L'équipe d'Argentine, championne du monde en titre, prépare sa défense du trophée au Mondial 2026

Trois mois avant le Qatar, personne ne donnait cher de la peau de l’Albiceleste. Vieillissante, dépendante d’un Messi en quête désespérée de son Graal, l’Argentine arrivait sans étiquette de favori. Nous connaissons la suite — une épopée culminant dans la finale la plus spectaculaire de l’histoire du Mondial. Aujourd’hui, la question qui obsède tous les parieurs se résume en un mot: bis repetita ? Dans mon analyse de l’Argentine pour la Coupe du Monde 2026, je vais disséquer les forces et les failles d’une équipe qui tente ce qu’aucune sélection n’a réussi depuis le Brésil de 1962 — conserver le titre mondial.

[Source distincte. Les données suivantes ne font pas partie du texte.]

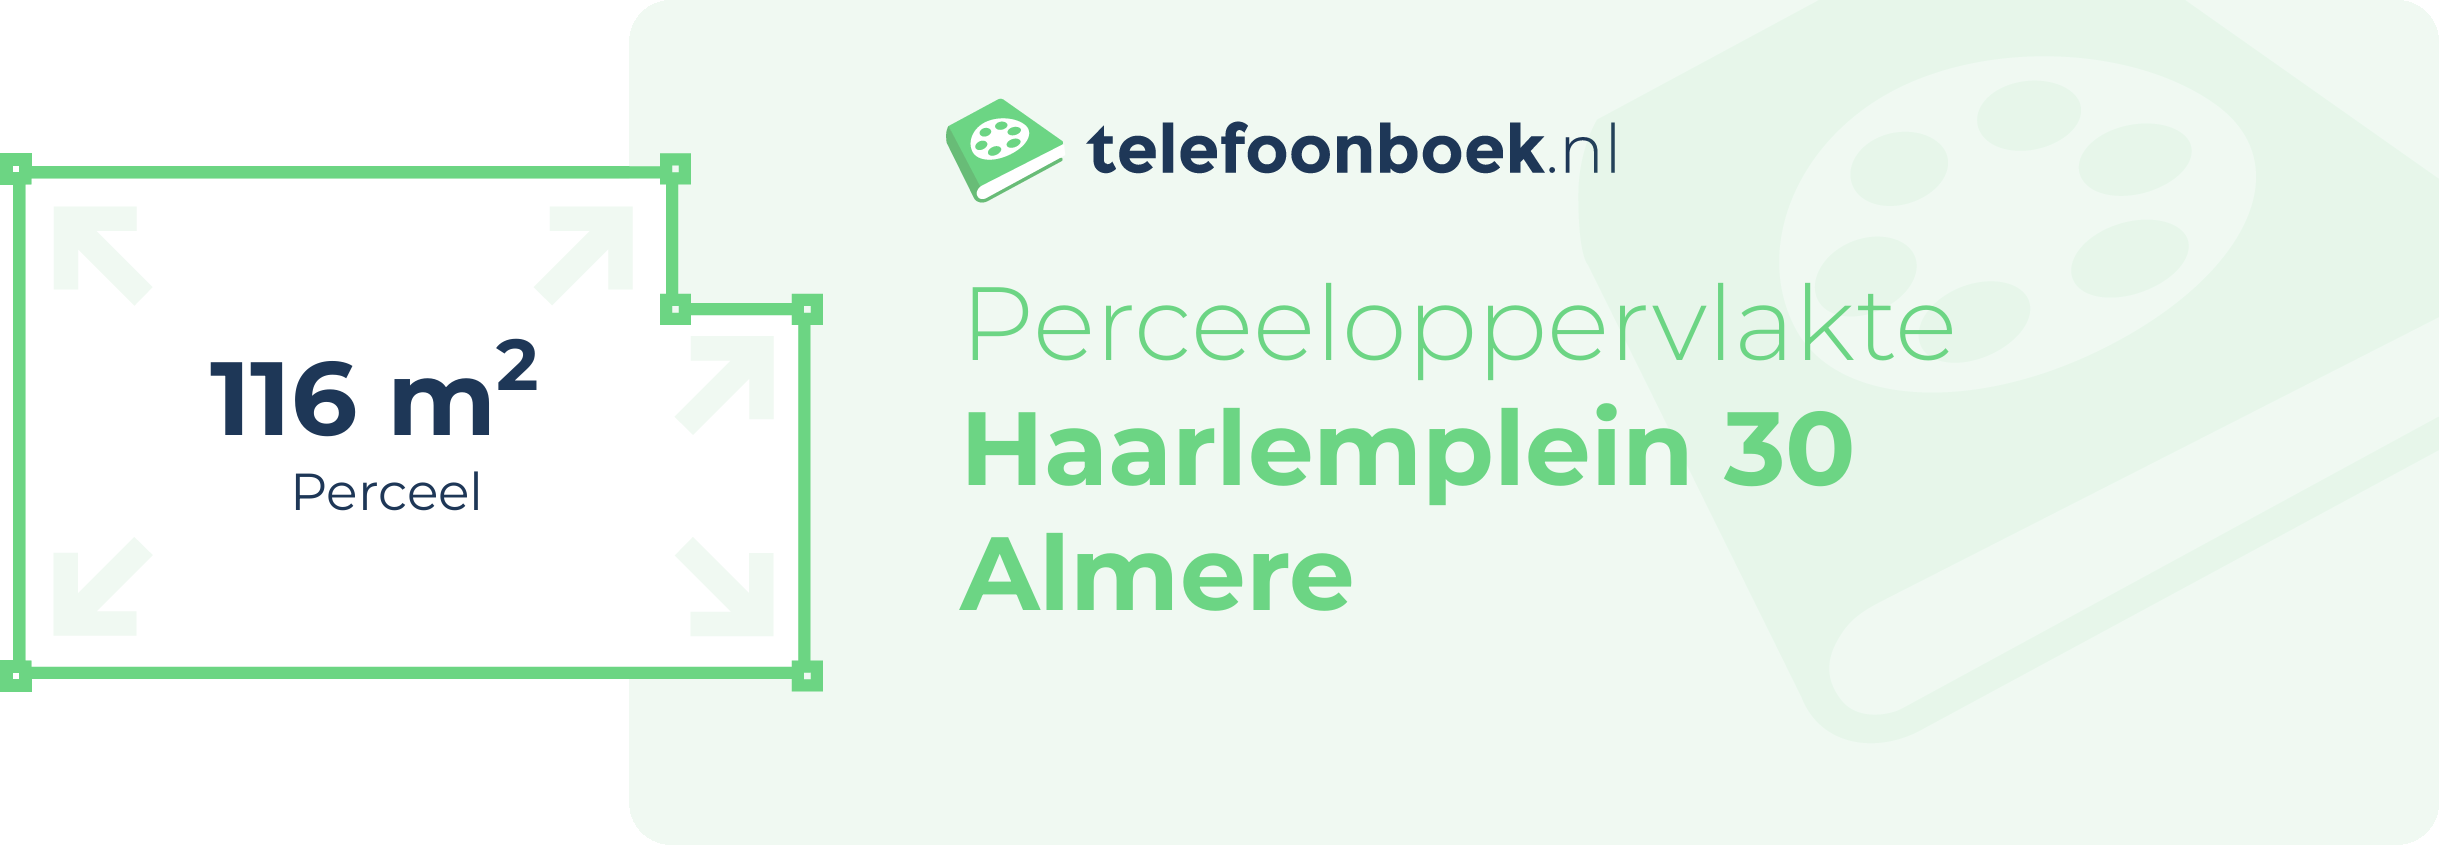 Perceeloppervlakte Haarlemplein 30 Almere

L’Albiceleste aborde ce tournoi nord-américain avec un statut radicalement différent de celui de 2022. Champion du monde, vainqueur de deux Copa América consécutives, l’Argentine n’a plus rien à prouver en termes de palmarès. Mais ce confort a son revers: la pression du favori remplace la légèreté de l’outsider. Les bookmakers affichent une cote oscillant entre 5.50 et 6.00 pour le doublé — derrière la France et l’Angleterre, mais devant l’Espagne et le Brésil. Un positionnement qui reflète autant le respect pour le tenant que les interrogations sur sa capacité à se réinventer.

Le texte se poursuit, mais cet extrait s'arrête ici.